>>>>>
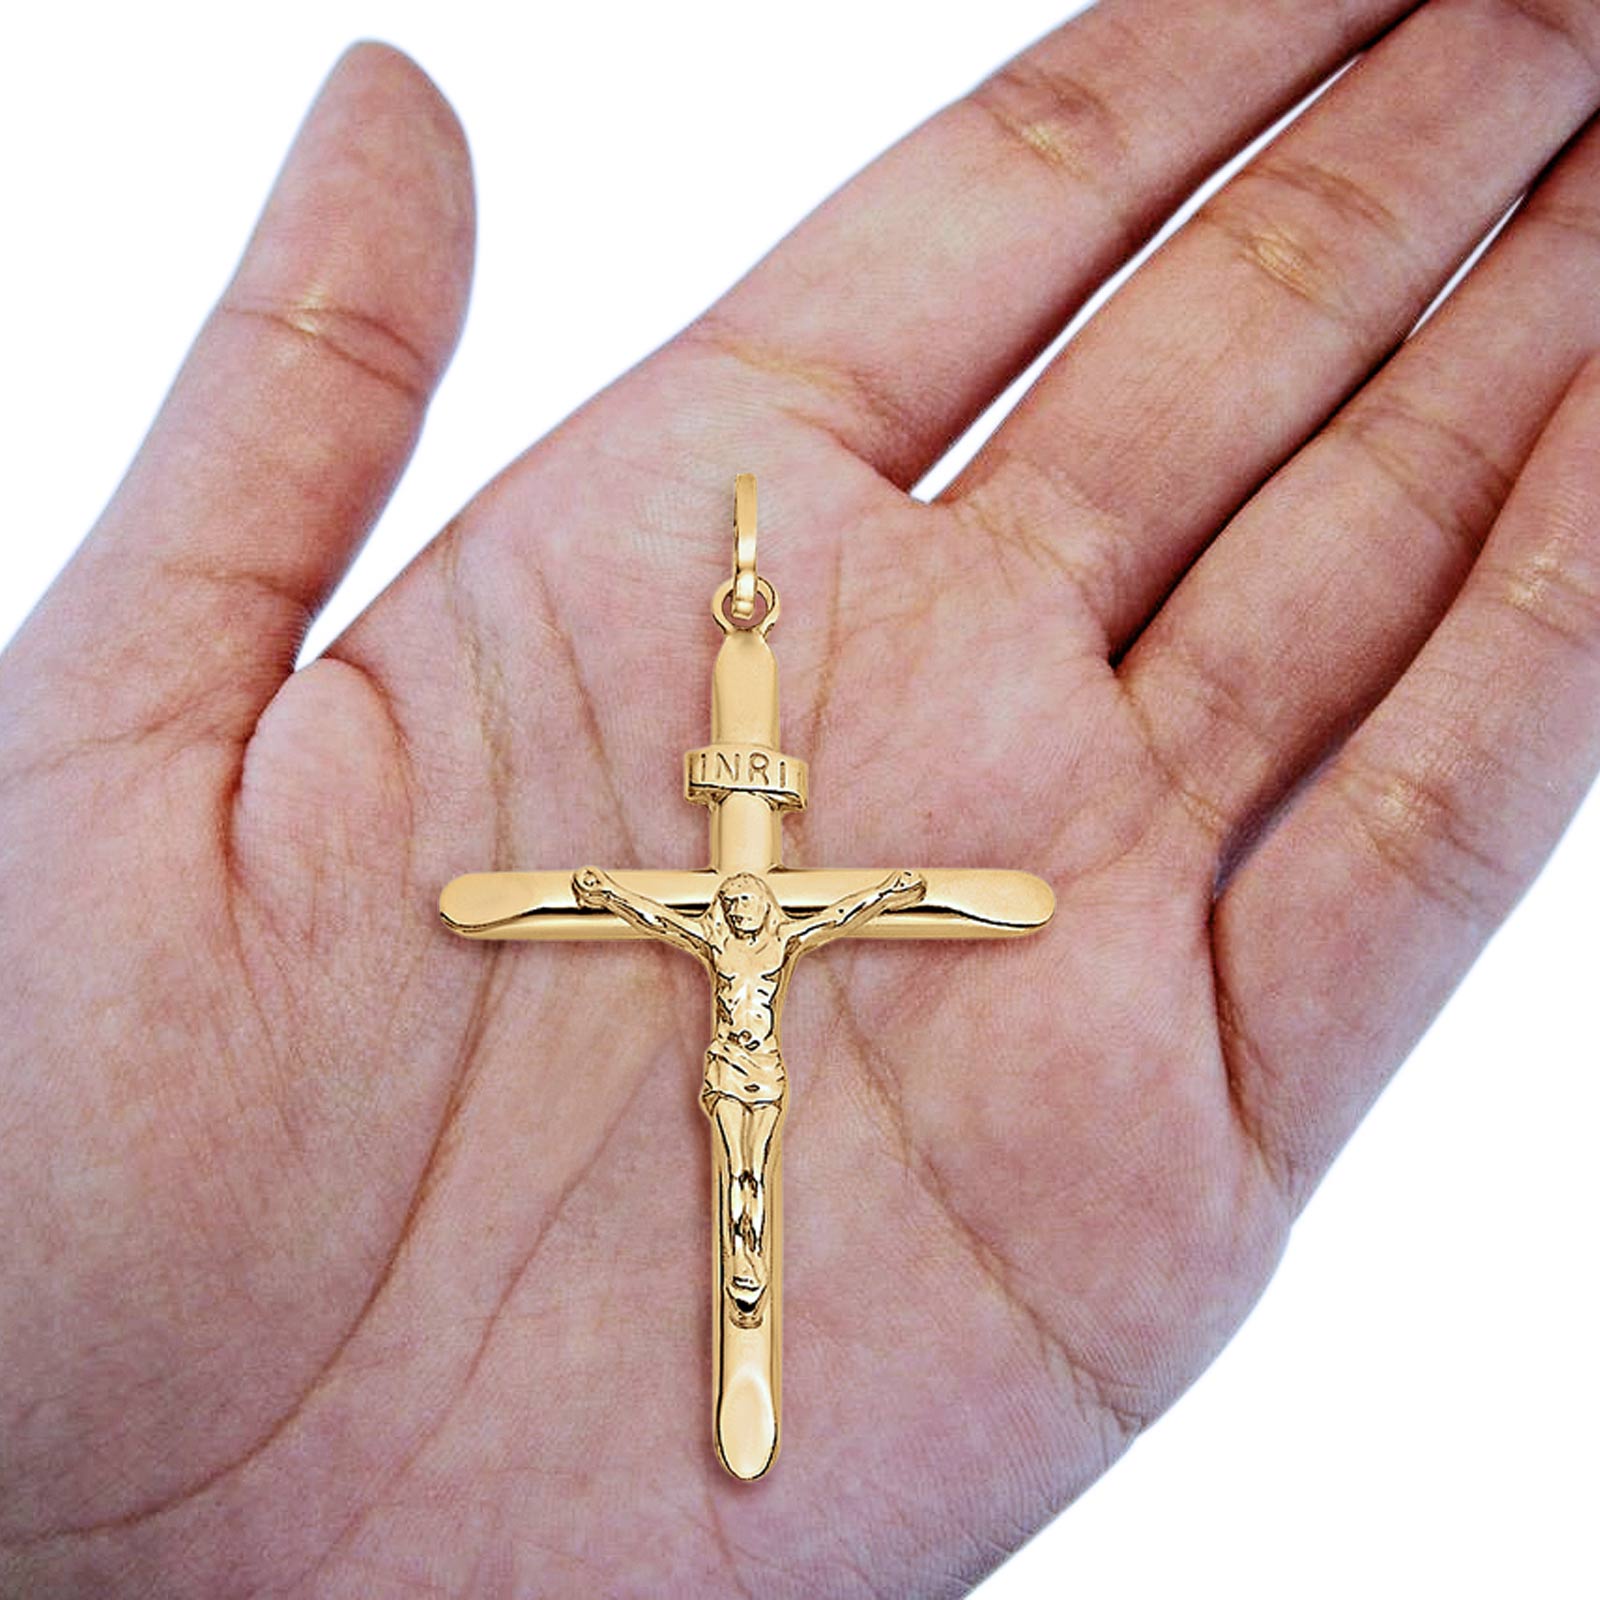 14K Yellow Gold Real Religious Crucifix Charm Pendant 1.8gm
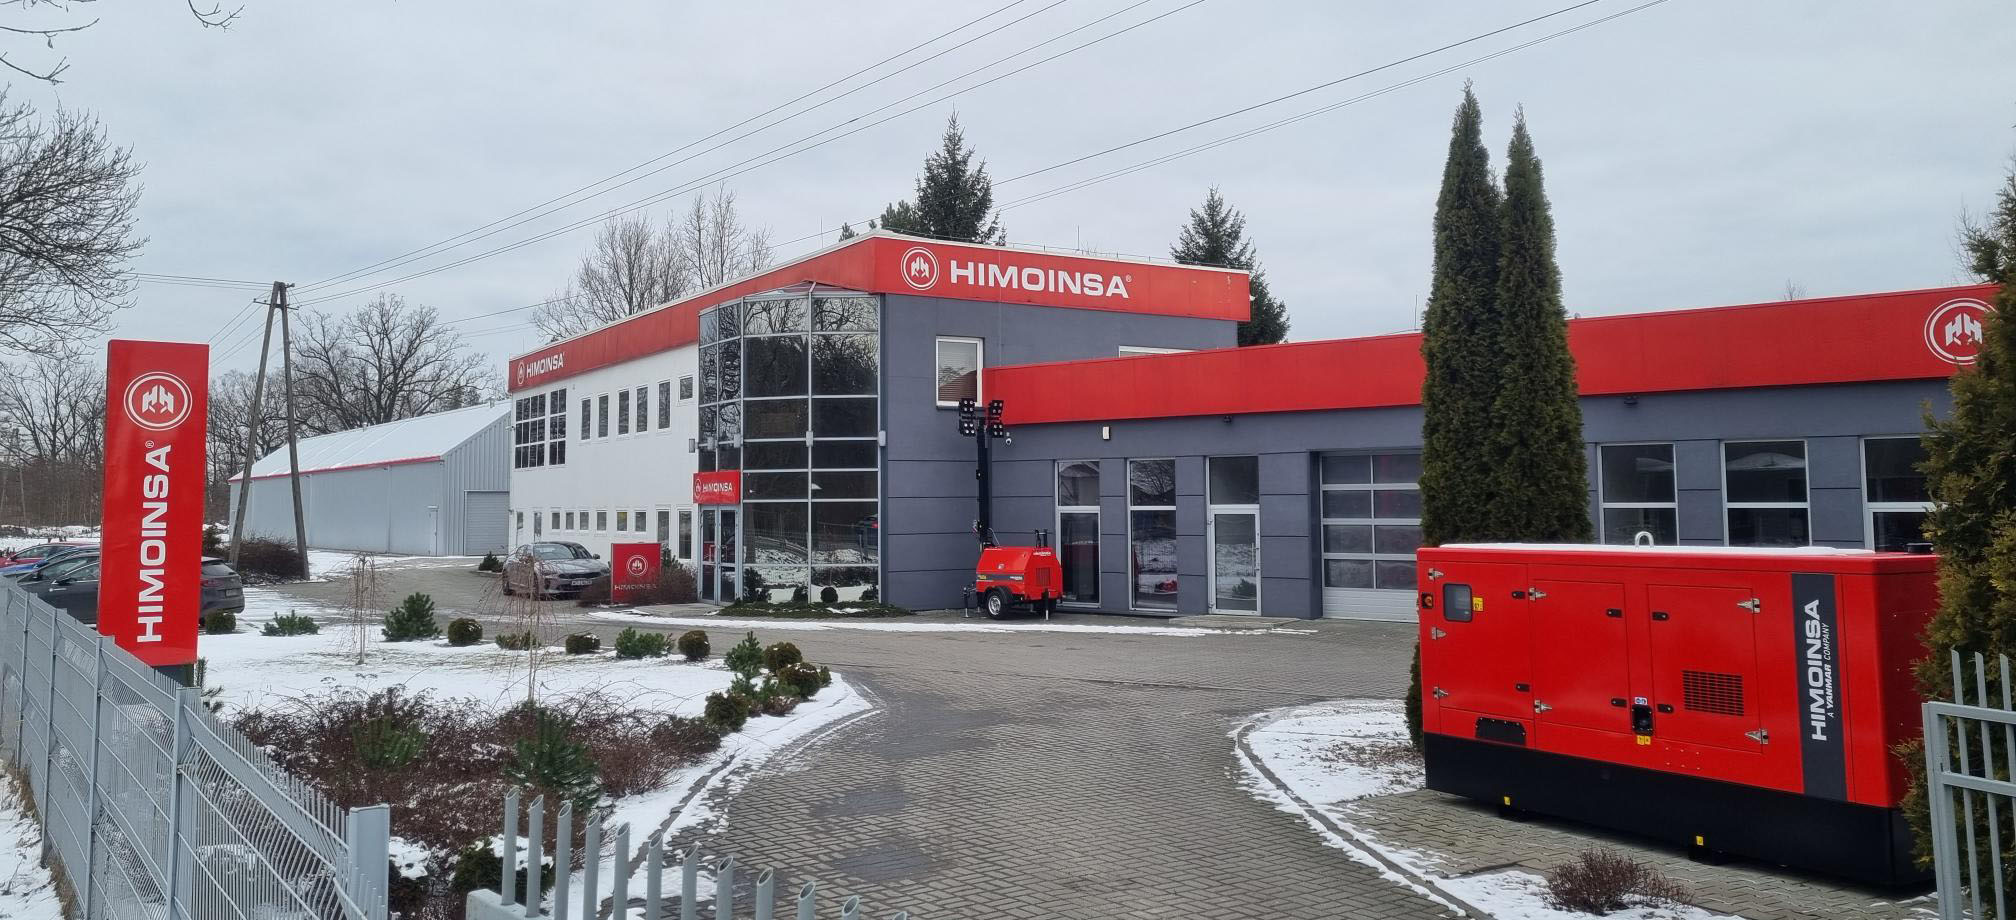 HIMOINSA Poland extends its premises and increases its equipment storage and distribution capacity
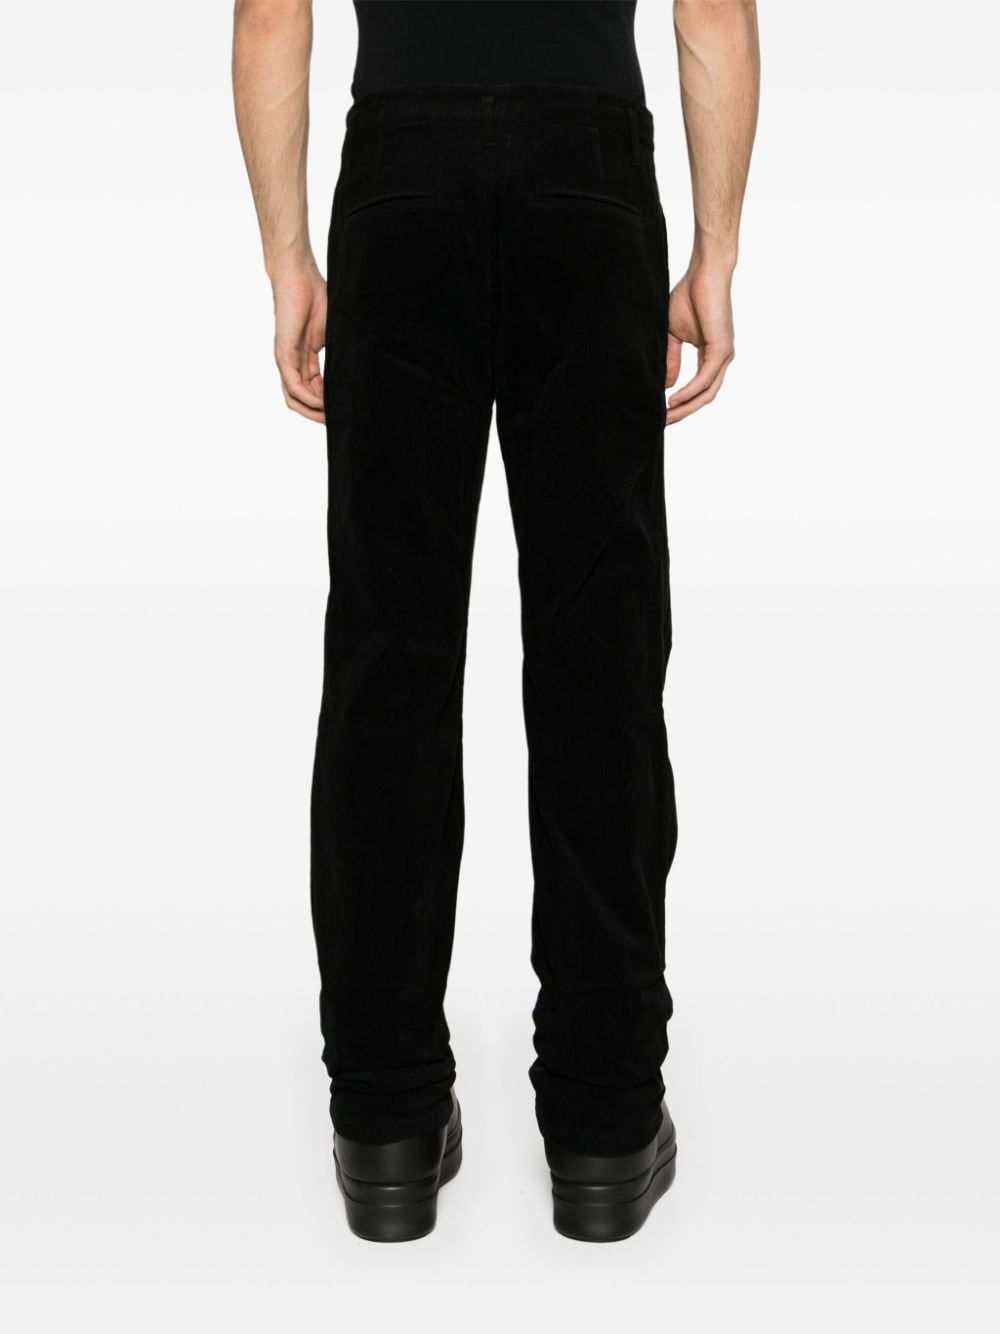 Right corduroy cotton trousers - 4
<<<<<
How to complete this task
Write the lines above out again exactly, without any of their pictures.

Exercise answer
 14K Yellow Gold Real Religious Crucifix Charm Pendant 1.8gm
 HIMOINSA Poland extends its premises and increases its equipment storage and distribution capacity
 Right corduroy cotton trousers - 4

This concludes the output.